I ran the deviceQuery and got the following result

./deviceQuery Starting... 

 CUDA Device Query (Runtime API) version (CUDART static linking)

 Detected 1 CUDA Capable device(s)
 Device 0: "GeForce GTX 560 Ti"
 CUDA Driver Version / Runtime Version          5.0 / 5.0
 CUDA Capability Major/Minor version number:    2.1
 Total amount of global memory:                 1024 MBytes (1073283072 bytes)
 (8) Multiprocessors x ( 48) CUDA Cores/MP:    384 CUDA Cores
 GPU Clock rate:                                1701 MHz (1.70 GHz)
 Memory Clock rate:                             2052 Mhz
 Memory Bus Width:                              256-bit
 L2 Cache Size:                                 524288 bytes
 Max Texture Dimension Size (x,y,z)             1D=(65536), 2D=(65536,65535), 3D= (2048,2048,2048)    
 Max Layered Texture Size (dim) x layers        1D=(16384) x 2048, 2D=(16384,16384) x 2048
 Total amount of constant memory:               65536 bytes
 Total amount of shared memory per block:       49152 bytes
 Total number of registers available per block: 32768
 Warp size:                                     32
 Maximum number of threads per multiprocessor:  1536
 Maximum number of threads per block:           1024
 Maximum sizes of each dimension of a block:    1024 x 1024 x 64
 Maximum sizes of each dimension of a grid:     65535 x 65535 x 65535
 Maximum memory pitch:                          2147483647 bytes
 Texture alignment:                             512 bytes
 Concurrent copy and kernel execution:          Yes with 1 copy engine(s)
 Run time limit on kernels:                     Yes
 Integrated GPU sharing Host Memory:            No
 Support host page-locked memory mapping:       Yes
 Alignment requirement for Surfaces:            Yes
 Device has ECC support:                        Disabled
 Device supports Unified Addressing (UVA):      Yes
 Device PCI Bus ID / PCI location ID:           1 / 0
 Compute Mode:
 < Default (multiple host threads can use ::cudaSetDevice() with device simultaneously)  >

deviceQuery, CUDA Driver = CUDART, CUDA Driver Version = 5.0, CUDA Runtime Version = 5.0, NumDevs = 1, Device0 = GeForce GTX 560 Ti      

My understanding is that I can create maximum of 65535 x 65535 x 65535 blocks with 1024 threads per block. Does that I can have 65535 x 65535 x 65535 x 1024 threads of maximum ? If not what is the maximum number of threads I can have ?

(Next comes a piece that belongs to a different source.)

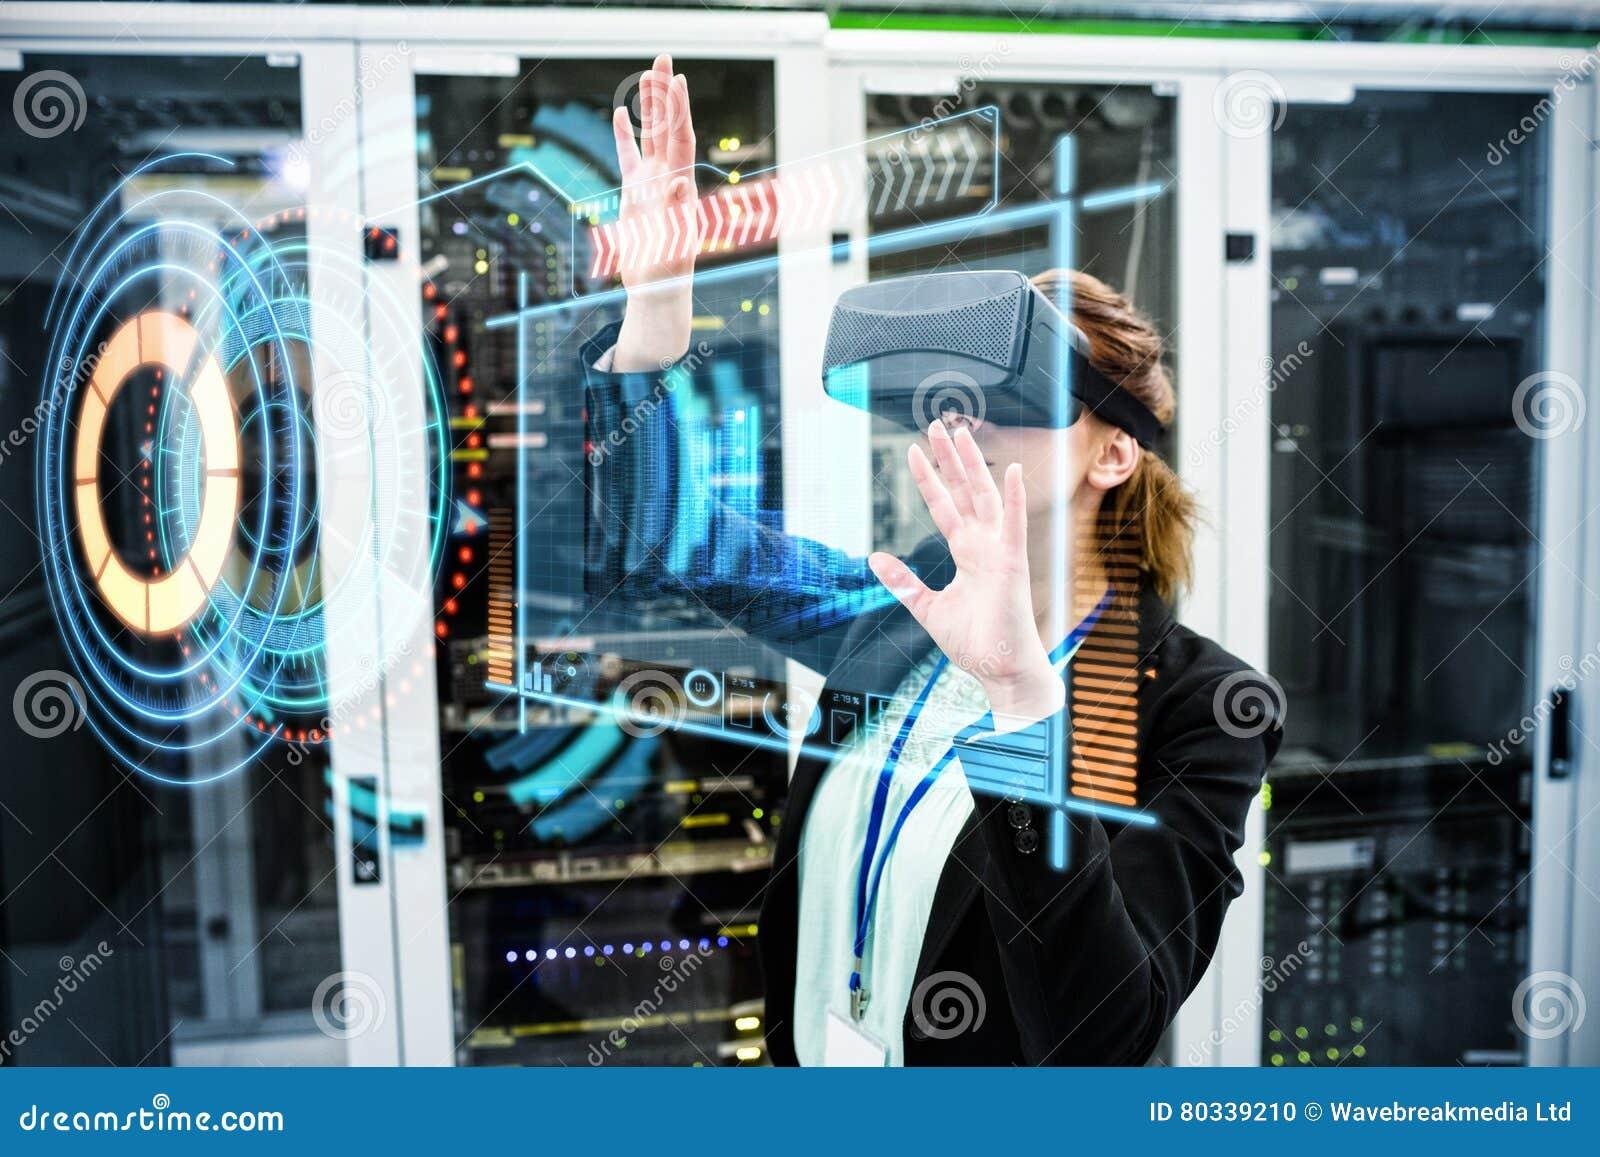 Imagen compuesta de la imagen compuesta del botón del volumen con los gráficos

Can anyone clarify this doubt ?


2 Answers


Your understanding is correct. You can launch 65535 x 65535 x 65535 x 1024 threads theoretically but due to resource constraints you may be not able to hit the maximum.


You can't just multiply all the maximum grid dimensions and assume that you can have that many threads, unfortunately. You have 8 MPs and a maximum number of threads per MP = 1536, so that makes 8 * 1536 = 12288 threads max.